Wednesday, April 27, 2011

Why I Sing Sara Bareilles (A Continued Thank You to Gilead)

And it don't hurt
like anything I've ever felt before
This is no broken heart
no familiar scars
this territory goes uncharted... 


I have been singing this song constantly since I first heard it over the Easter weekend when my dear friend Liz burned me a CD (that included some fabulous French pop music...). I don't know what caught me first. Maybe it was the beat - the song sounds like a seven year old pounding down the sidewalk covered in popsicle juice and holding brightly colored chalk triumphantly.

Maybe it was her voice - she sounds like your fiery best friend who fights hard for you, splashes a martini in the face of the guy who stood you up, who picks you up when you've fallen into the cracks of the playground four square.

Maybe it was the laughter I can hear creeping into her voice - like the first giant wave that plows over your squealing and wriggling self on the first full day at the beach in summertime.

But whatever it is, I'm finding my heart a little fluttery these past few days. It dips and soars. And in reading Gilead, I'm learning that perhaps the fluttering heart is not something to solve, but something to live. Maybe the peace isn't driving storms from the horizons but just bearing them carefully.

When John Ames (the narrator in Marilynne's beautiful story) writes, I hear him bearing storms carefully, knowing that they're bigger than he knows. Knowing that they're somehow exquisite. That in the blink of an eye they can be turned into laughter. Because, as Ames reminds me, "It is an amazing thing to watch people laugh, the way it sort of takes them over..." (page 5)

(Photo: Hannah Cochran)
So I sing Sara Bareilles in the foggy afternoon driving home from the library with Gilead (Where did my copy go?). And because my heart weighed heavy with things, I drove on, past the left turn towards home, through the lights, into the drizzle, and sang loud because when we soften our hearts to the world, to its luminescence, we discover that in a moment, our storms become laughter. We bear them well.

As Gilead gently peels away at the layers of storminess in my heart, as it reminds me that there is so much of the world that flames with God. That we can smell beauty in the air. The daffodils aim their trumpets towards the sky and the tulips bend open, and the peonies with their ferocious pink centers and feathery petals paint the landscape. How could I have forgotten that the world is this good? 

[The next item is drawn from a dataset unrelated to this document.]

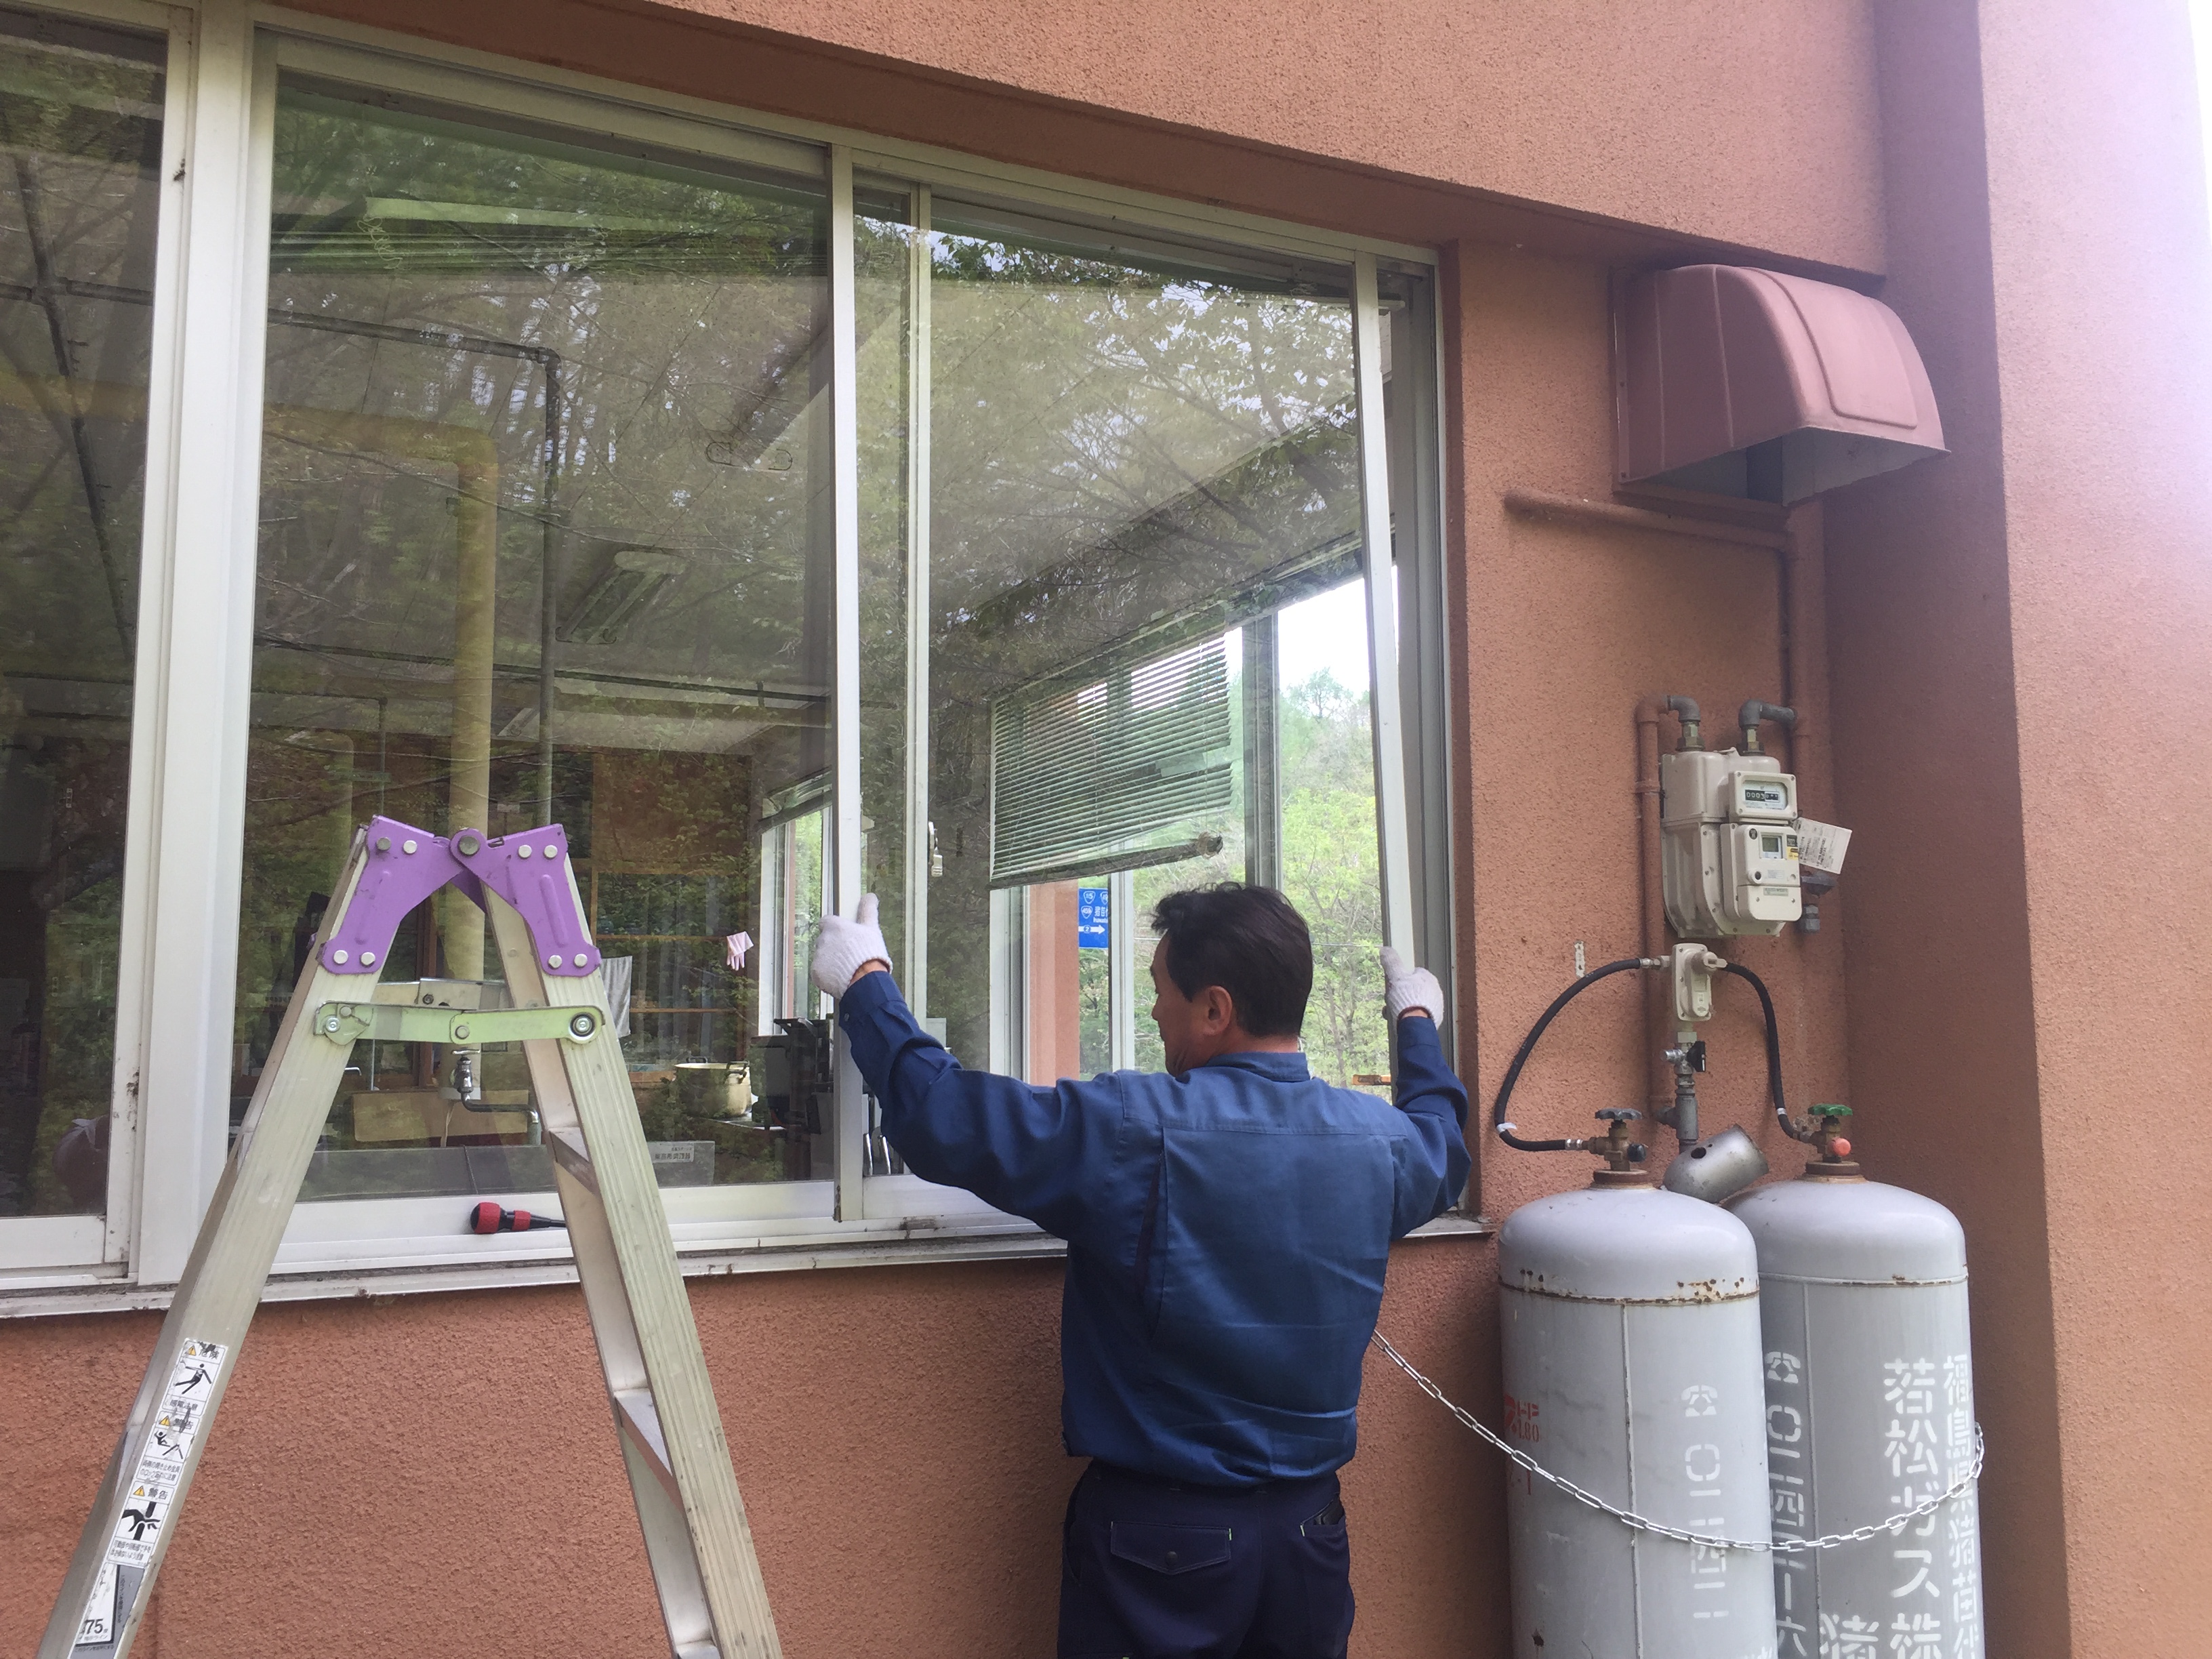 福島県耶麻郡北塩原村の施設で強風によって割れた窓ガラスを修理した窓リフォーム事例

And how good it is that we are sent reminders in songs and books and car drives in the rain. 

"I love the prairie! So often I have seen the dawn come and the light flood over the land and everything turn radiant at once, that word 'good' so profoundly affirmed in my soul that I am amazed I should be allowed to witness such a thing. There may have been a more wonderful first moment 'when the morning stars sang together and all the sons of God shouted for joy,' but for all I know to the contrary, they still do sing and shout, and they certainly might well. Here on the prairie there is nothing to distract attention from the evening and the morning, nothing on the horizon to abbreviate or to delay. Mountains would seem an impertinence from that point of view." (page 246)

Love, from my still-softening, still-wondering heart, 
(Photo: Mandie Sodoma)
Hilary

1 comment:

  1. I am a fellow reader-and-lover of Gilead. But gear up before you read Home. In some ways it's like dropping a brick on your toe.